1Wellcome Trust-MRC Institute of Metabolic Science, Addenbrooke's Hospital, Cambridge, UK; 2University of Cambridge, Cambridge, UK; 3Department of Radiology, Addenbrooke's Hospital, Cambridge, UK; 4Department of Nuclear Medicine, Addenbrooke's Hospital, Cambridge, UK


Case history: A 41 year old female was admitted following development of severe hypertension (226/146 mmHg), complicated by heart failure and acute kidney injury. She otherwise had no relevant past medical history. On clinical examination she was obese (BMI 51.94 kg/m2). As part of her cardiac investigations, she underwent a cardiac magnetic resonance imaging (MRI) which detected a 3 cm right sided adrenal nodule. An adrenal biochemical screen identified an elevated plasma normetadrenaline (1418 pmol/l, range<1000) with normal plasma metadrenaline (<180 pmol/l, range <600). This corresponded with high urinary normetadrenaline levels (6998 nmol/24 h, range 0–4900) and normal urinary metadrenaline level (535 nmol/24 h, range 0–2000). Her medications included Doxazosin and Ramipril, which can interfere with the metanephrine assay.

Investigations: A repeat fasting and supine plasma metanephrine sample demonstrated results consistent with previous investigations (plasma normetadrenaline 12 692 pmol/l, metadrenaline <180). The remainder of the adrenal biochemistry screen was reassuring.

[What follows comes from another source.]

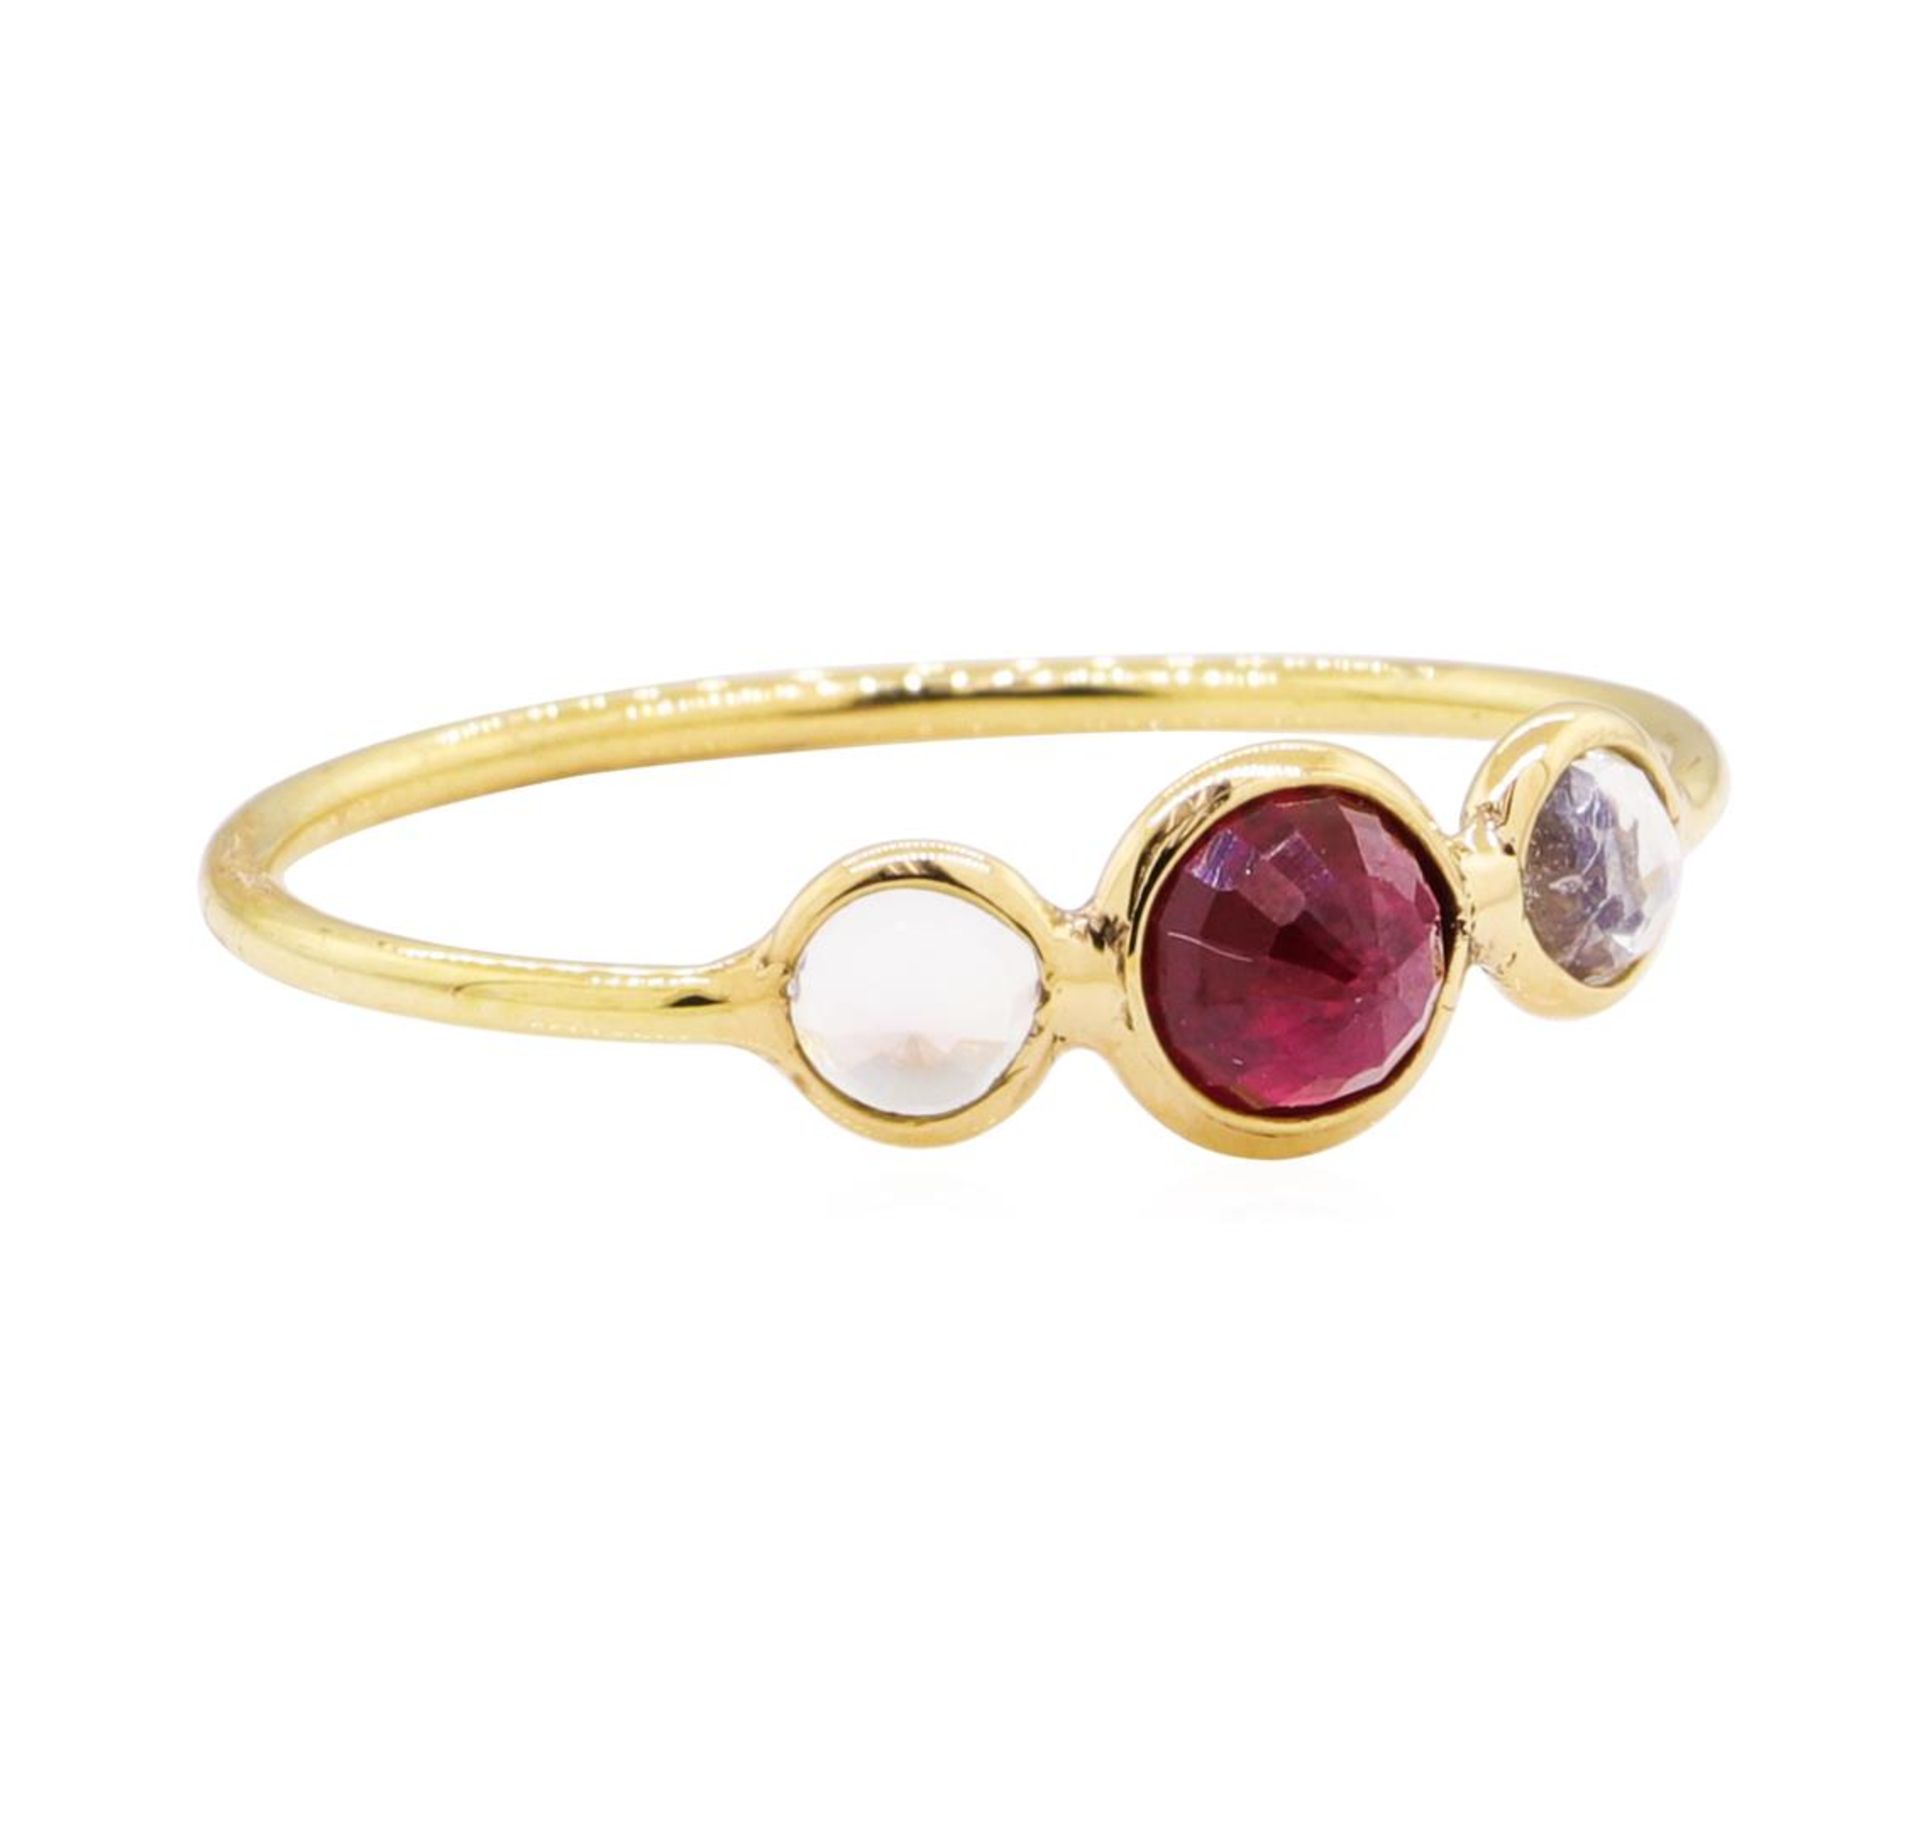 1.20ctw Ruby and Moonstone Ring - 18KT Yellow Gold

Results and treatment: Further characterisation of the suspected adrenal lesion on a dedicated non-enhanced CT adrenals demonstrated bilateral hypodense adrenal lesions measuring 38 mm on the right and 24 mm on the left, consistent with benign adenomas (based on Hounsfield units of <10). Although the imaging was reassuring, rarely phaeochromocytoma can have a density <10 HU (1). In the light of the abnormal serum and urinary metanephrine results, additional investigations were considered. We were unable to stop antihypertensives that were potentially confounding the assay results due to the severity of her hypertension. Therefore, we employed a molecular imaging approach using [11C] Metomidate PET-CT (MTO-PET) to determine if the adenomas were of adrenocortical origin, therefore excluding a phaeochromocytoma. MTO-PET reassuringly demonstrated tracer uptake by both adenomas. On further questioning, it was noted that the patient was experiencing daytime somnolence, heavy snoring with apnoeic episodes. Following diagnosis and treatment of obstructive sleep apnoea, she achieved normalisation in BP and an improvement in biventricular function on repeat cardiac echocardiogram.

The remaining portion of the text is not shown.